▶ RAW DATA:
■ ■ ■
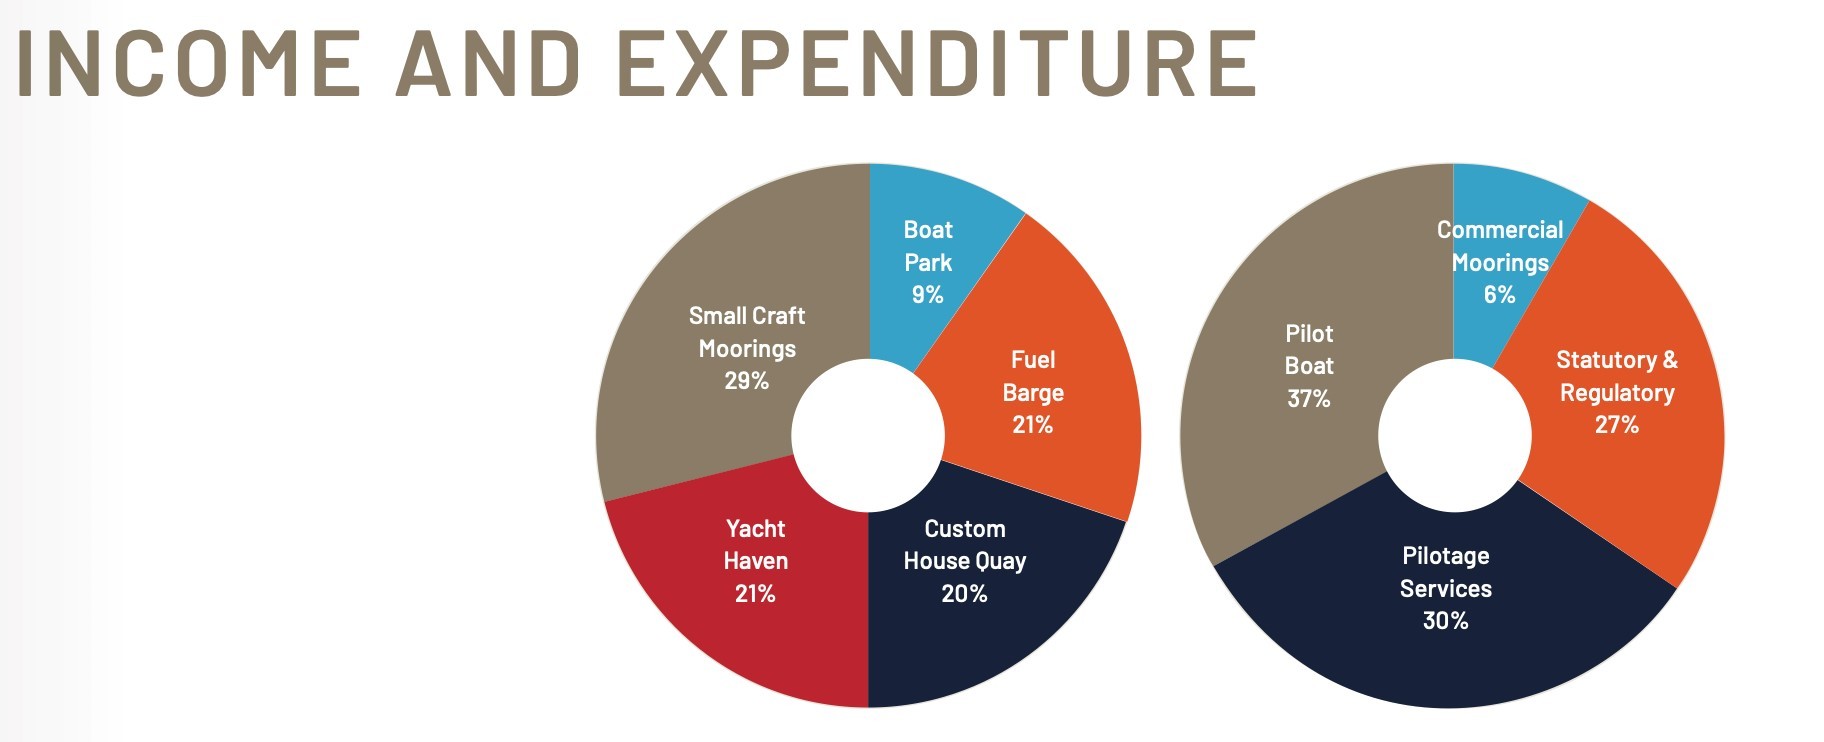 Pie charts showing income and expenditure Image: Falmouth Harbour
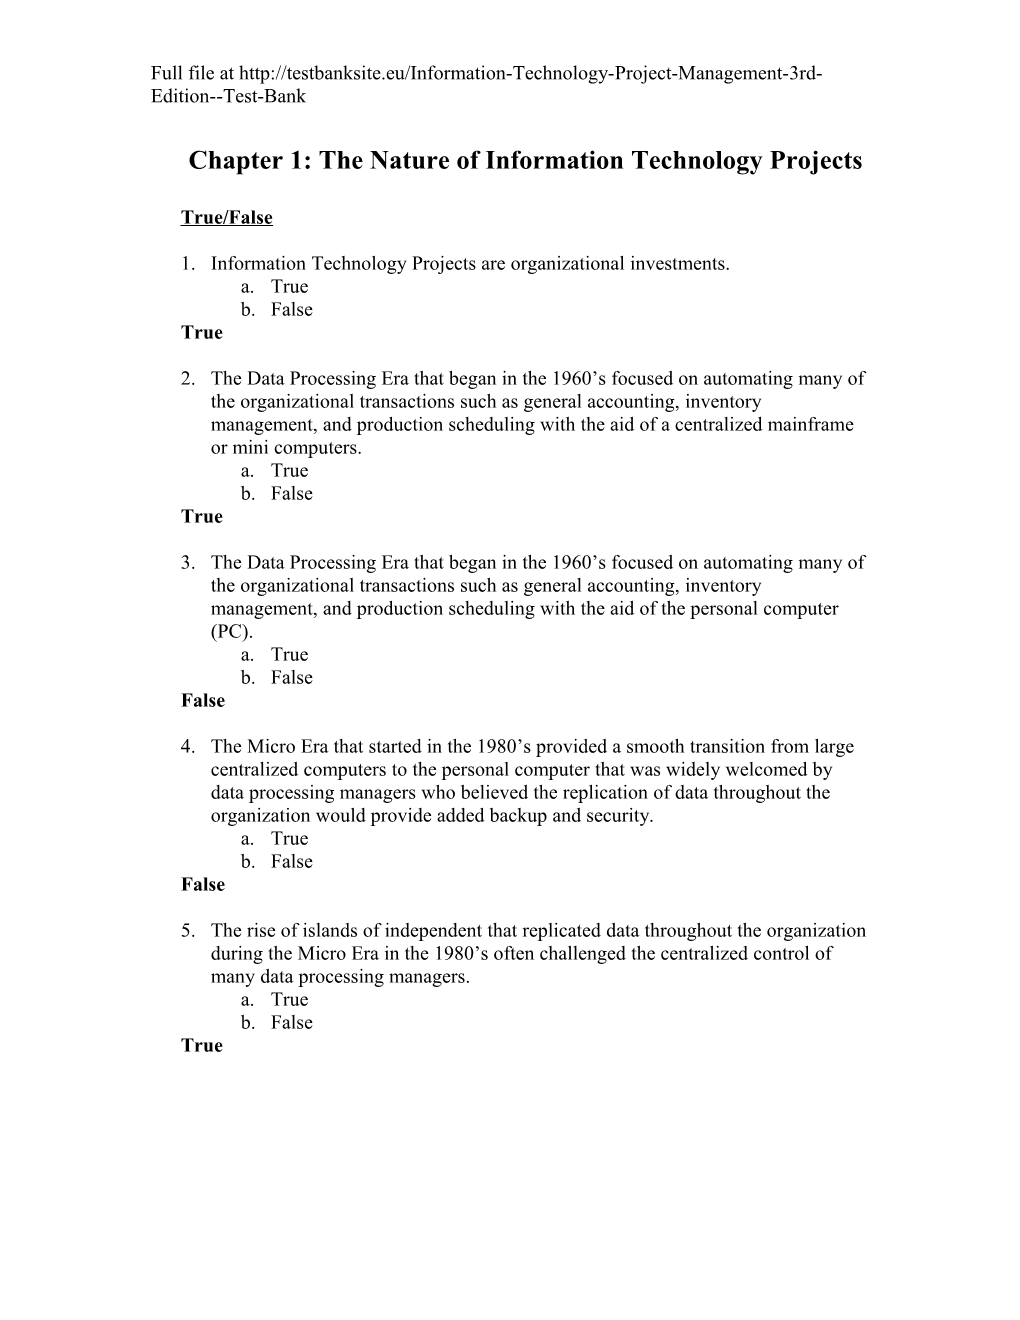 Chapter 1: the Nature of Information Technology Projects
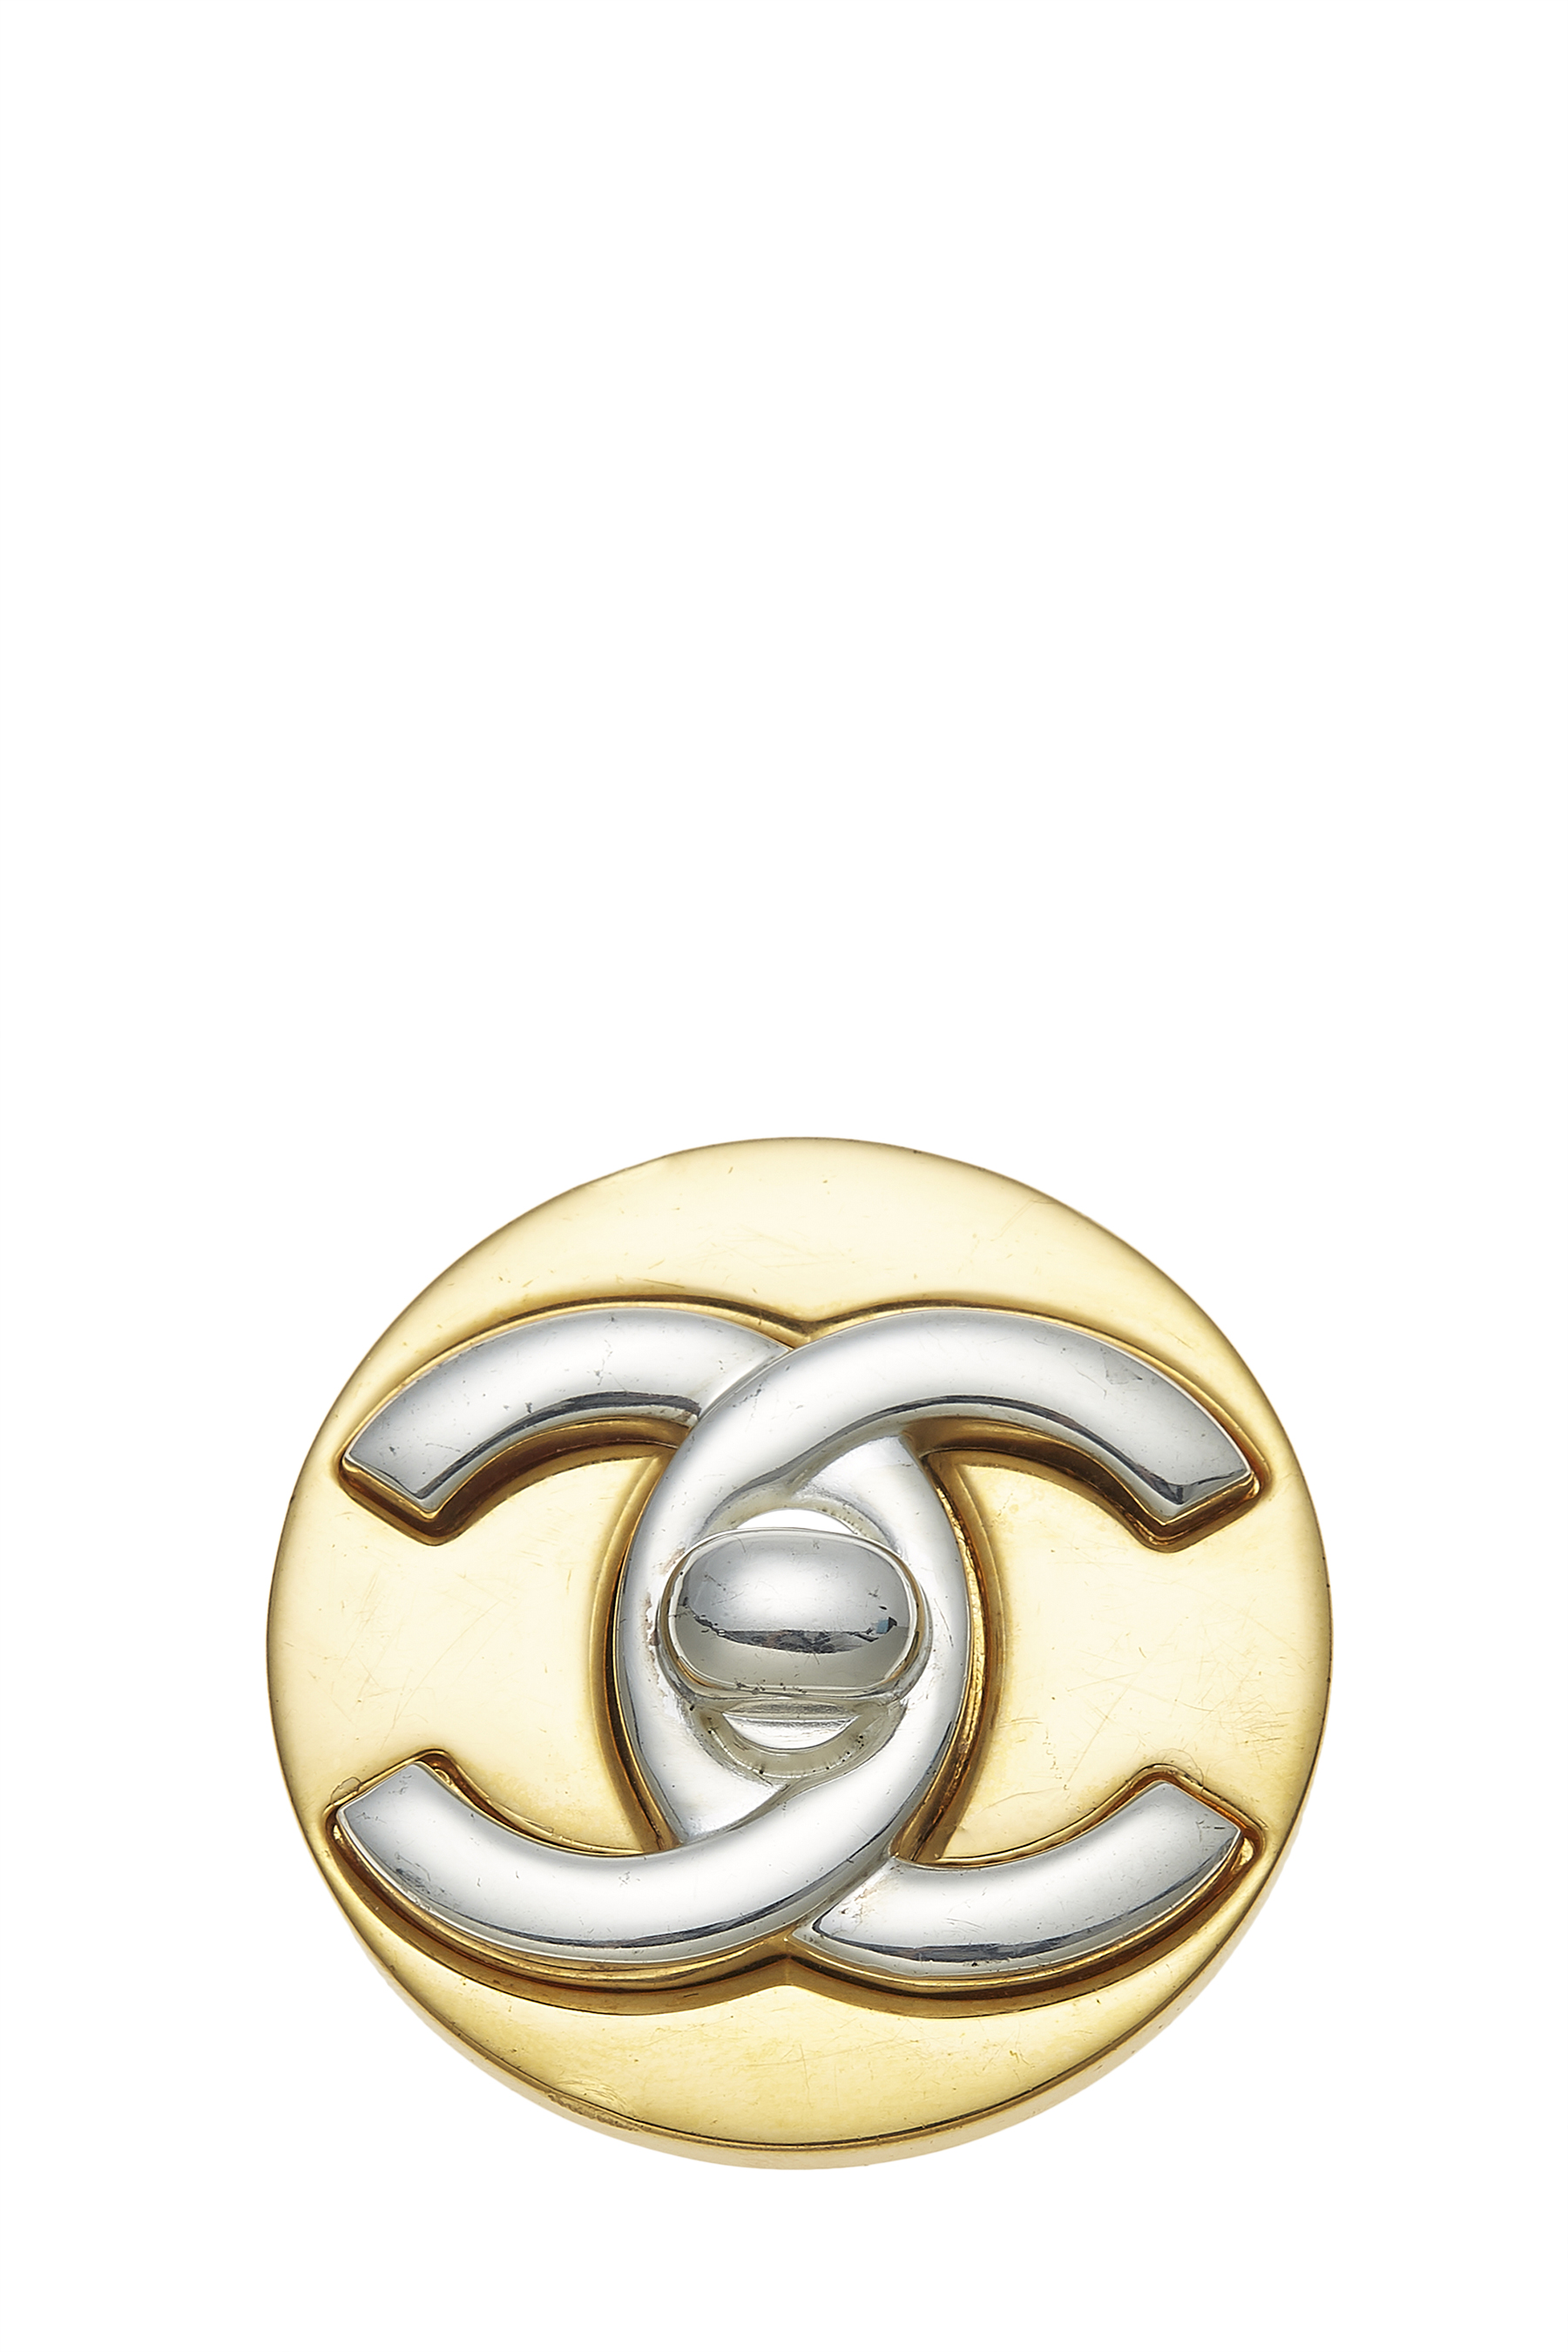 Chanel - Gold & Silver 'CC' Turnlock Pin Large
■ ■ ■
▶ WHAT THE EXERCISE ASKS: Quote the material in full and exactly; do not carry over its pictures.

▶ EXERCISE OUTPUT:
 Pie charts showing income and expenditure Image: Falmouth Harbour
 Chapter 1: the Nature of Information Technology Projects
 Chanel - Gold & Silver 'CC' Turnlock Pin Large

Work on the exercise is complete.